Search code examples
haskellbenchmarkinghaskell-criterion

Benchmarking IO action with Criterion


I want to know how long it takes my program to read a 12.9MB .wav file into memory. The function that reads a file into memory looks as follows:

import qualified Data.ByteString        as BS

getSamplesFromFileAsBS :: FilePath -> IO (BS.ByteString)

It takes the name of the file and returns the samples as a ByteString. It also performs some other validity checks on the data and ignores the header information. I read the ByteString of samples into memory using ByteString.hGet.

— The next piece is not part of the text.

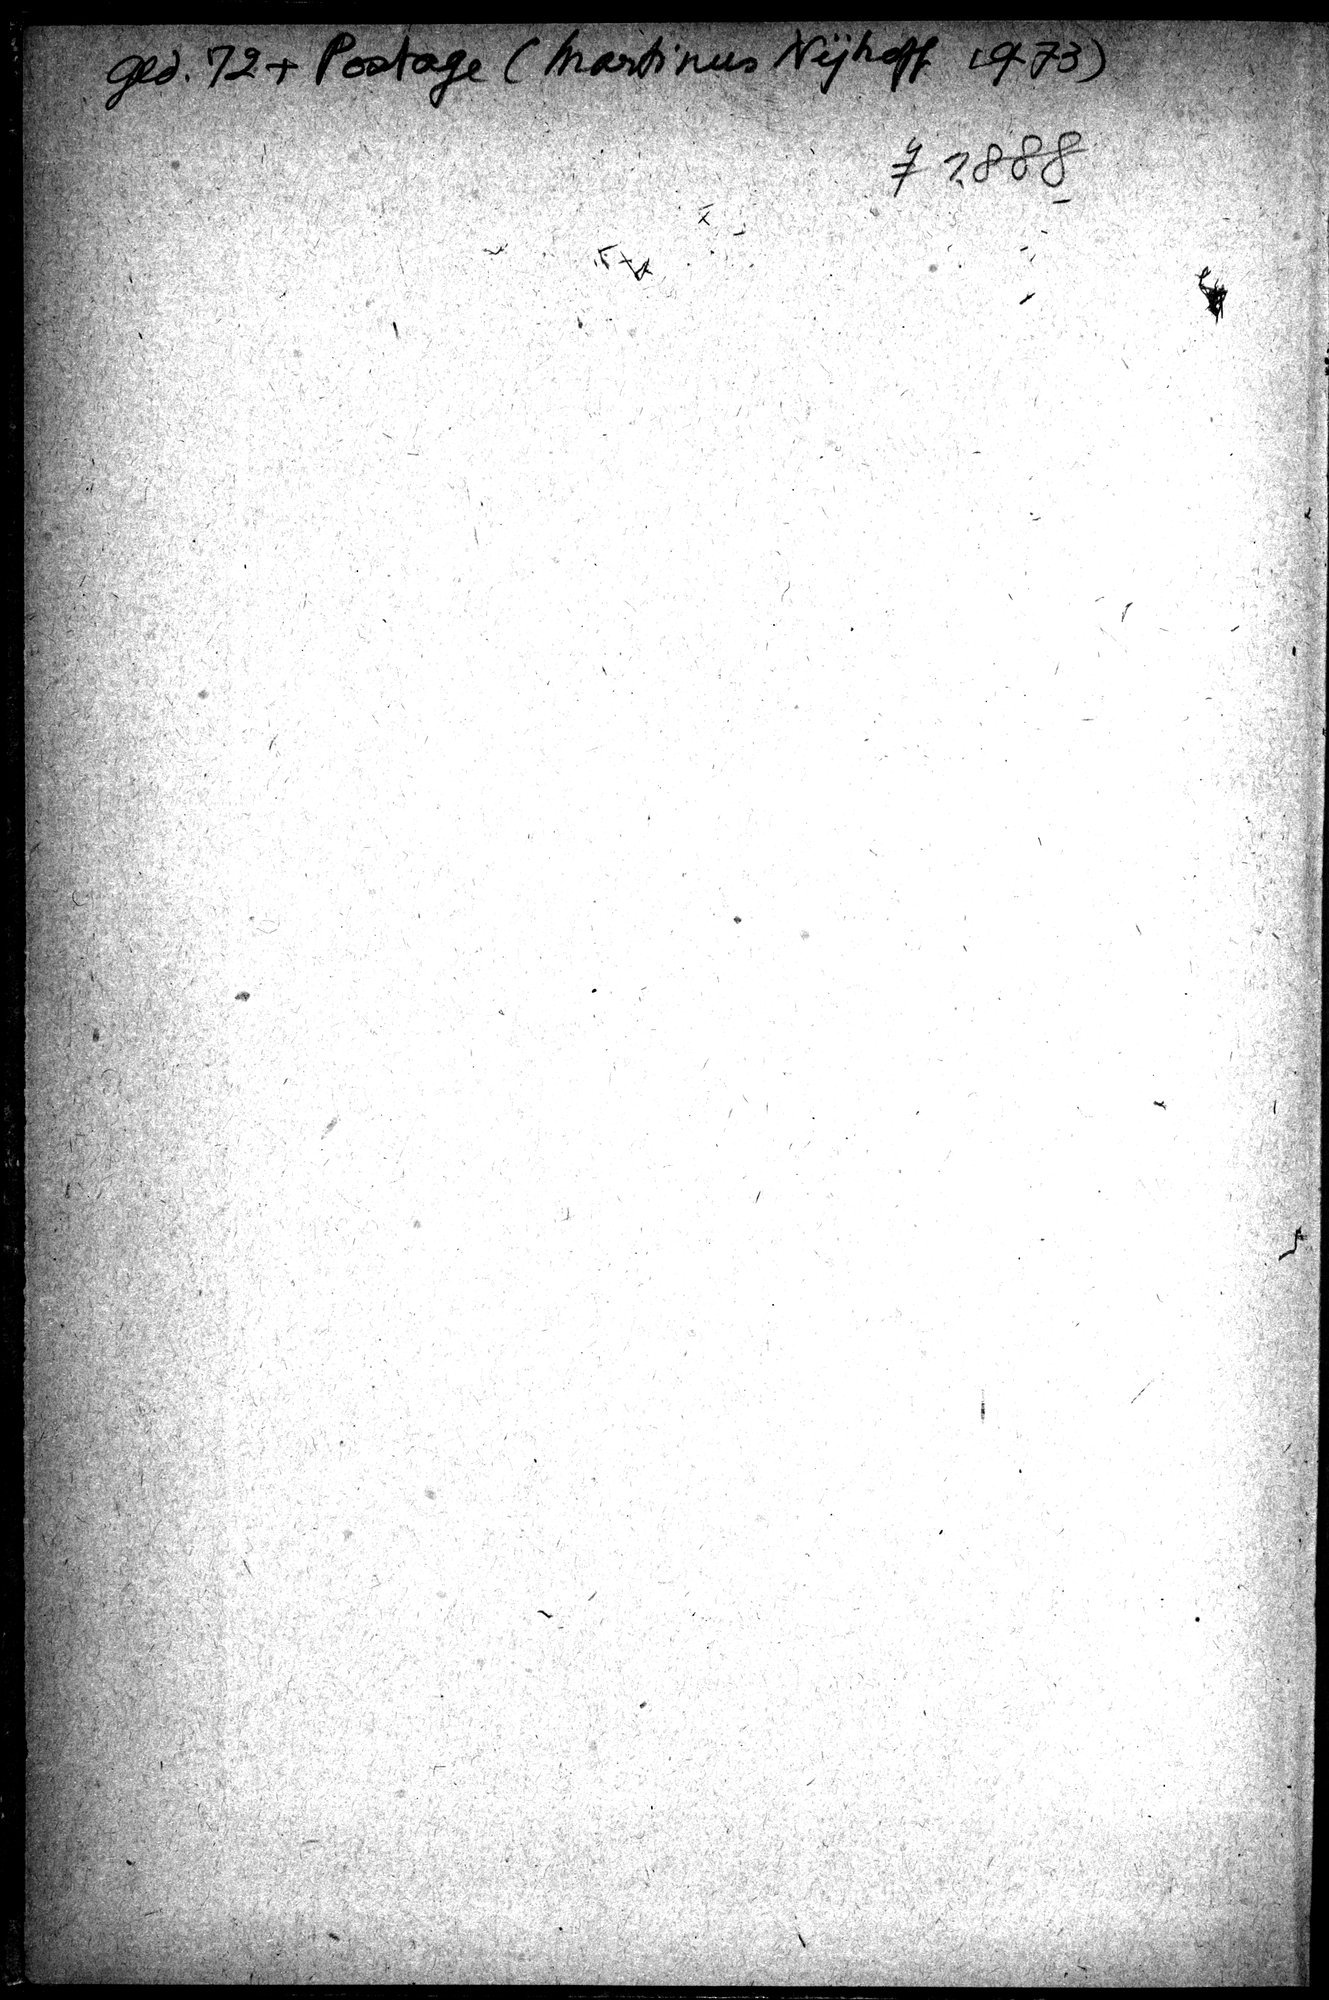 Puteshestvie v Tian' - Shan' v 1856-1857 godakh : vol.1 / 282 ページ（白黒高解像度画像）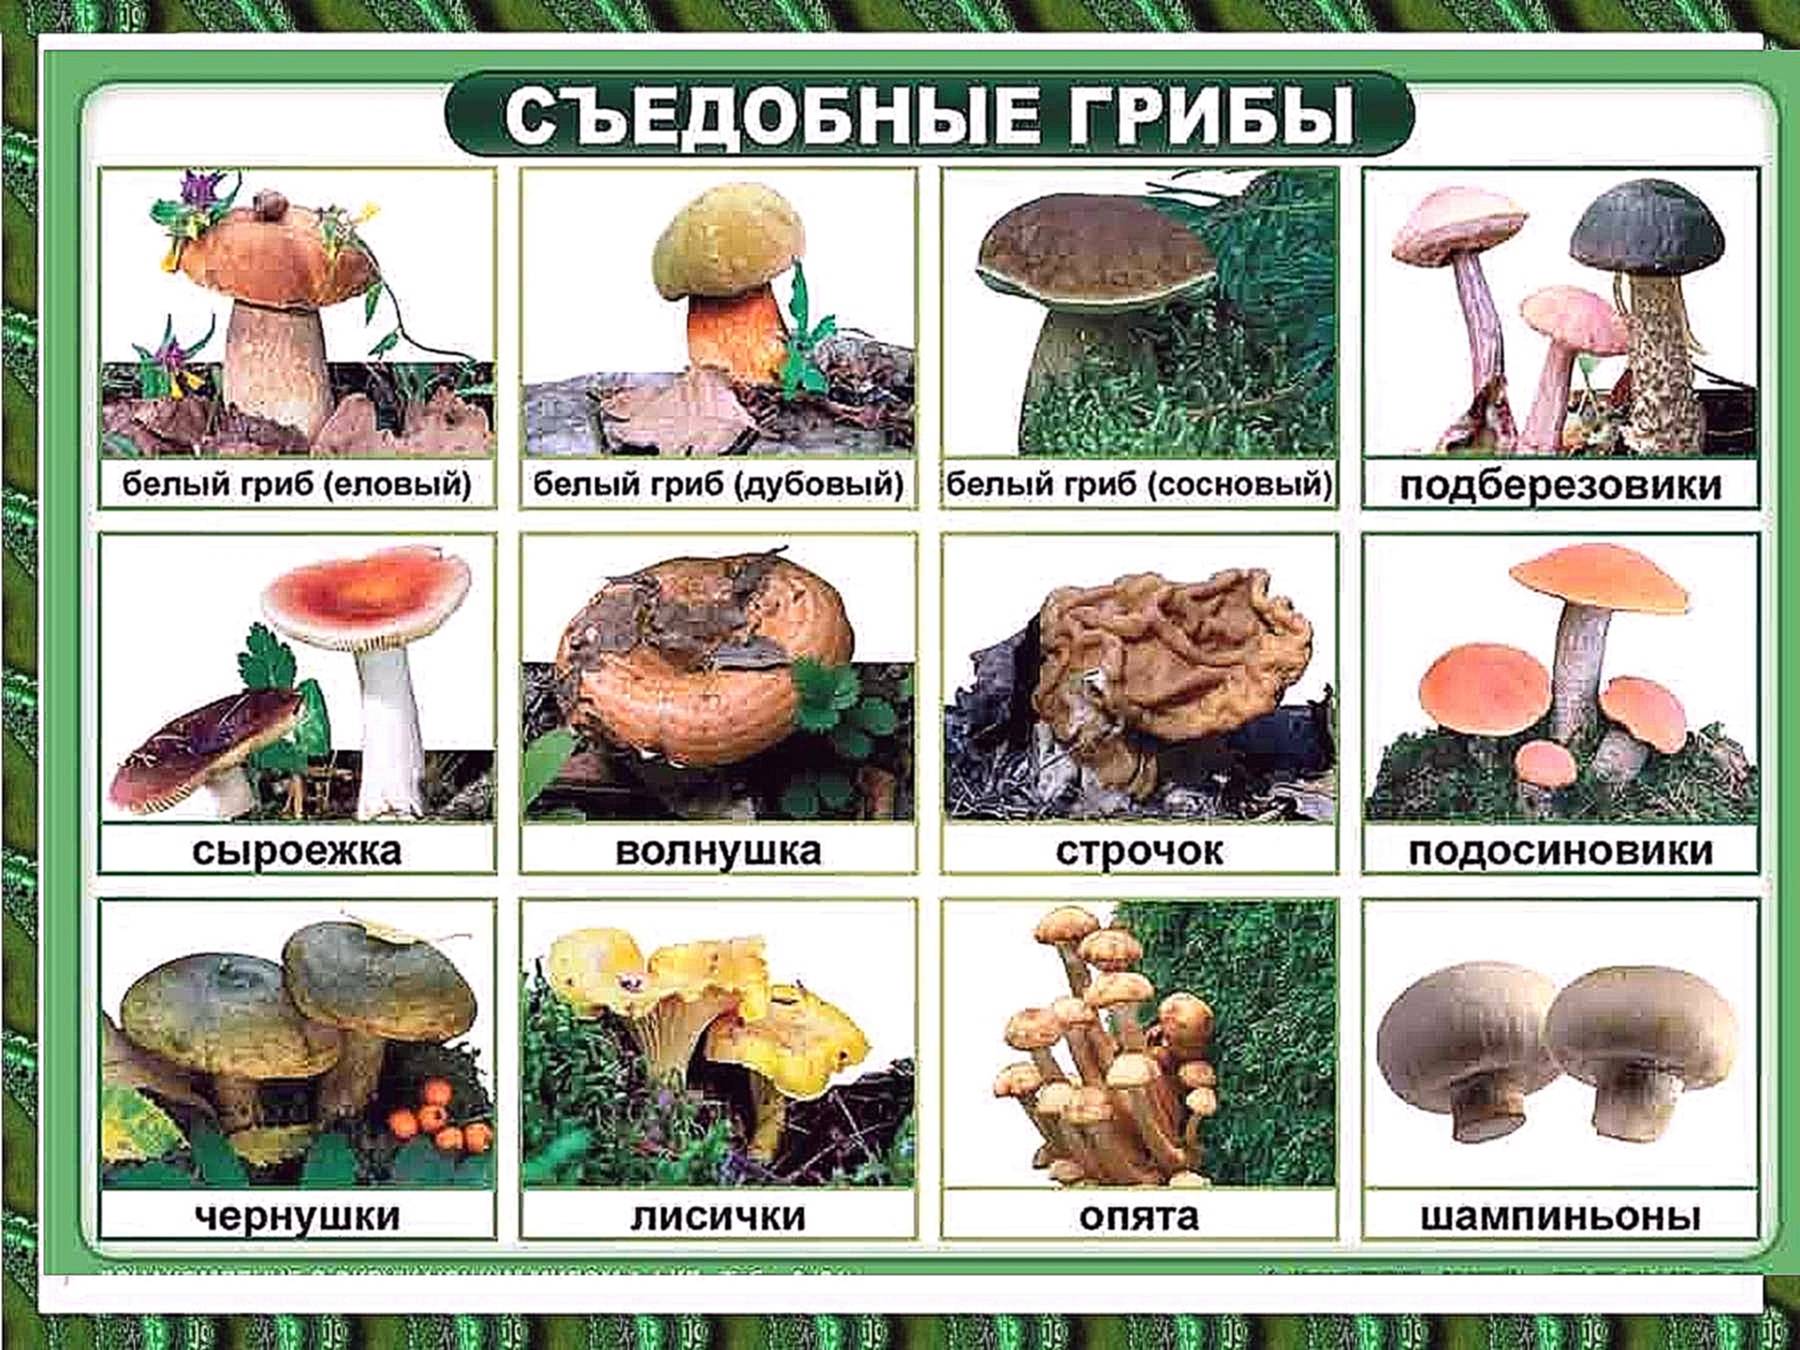 Какие грибы самые вкусные и полезные

If I now benchmark this function with a 12.9MB file, using Criterion:

bencher :: FilePath -> IO ()
bencher fp = defaultMain [
  bench "Reading all the samples from a file." $ nfIO (getSamplesFromFileAsBS fp)
  ]

I get the following result:

benchmarking Reading all the samples from a file.
time                 3.617 ms   (3.520 ms .. 3.730 ms)
                     0.989 R²   (0.981 R² .. 0.994 R²)
mean                 3.760 ms   (3.662 ms .. 3.875 ms)
std dev              354.0 μs   (259.9 μs .. 552.5 μs)
variance introduced by outliers: 62% (severely inflated)

It seems to load 12.9MB into memory in 3.617ms. This doesn't seem realistic since it indicates that my SSD can read 3+GB/s, which is not the case at all. What am I doing wrong?

I decided to try this another (more naive) way, by manually measuring the time difference:

runBenchmarks :: FilePath -> IO ()
runBenchmarks fp = do
  start <- getCurrentTime
  samplesBS <- getSamplesFromFileAsBS fp
  end <- samplesBS `deepseq` getCurrentTime
  print (diffUTCTime end start)

This gives me the following result: 0.023105s. This is realistic because it would mean my SSD can read at a speed of around 600MB/s. What is wrong with the Criterion result?


Solution

  • I looked at the visual results of my Criterion benchmark by writing the output to a html file. I could clearly see that the first run took around 0.020s, whereas the rest (after caching) takes around 0.003s.

    So I'm getting these results because of caching.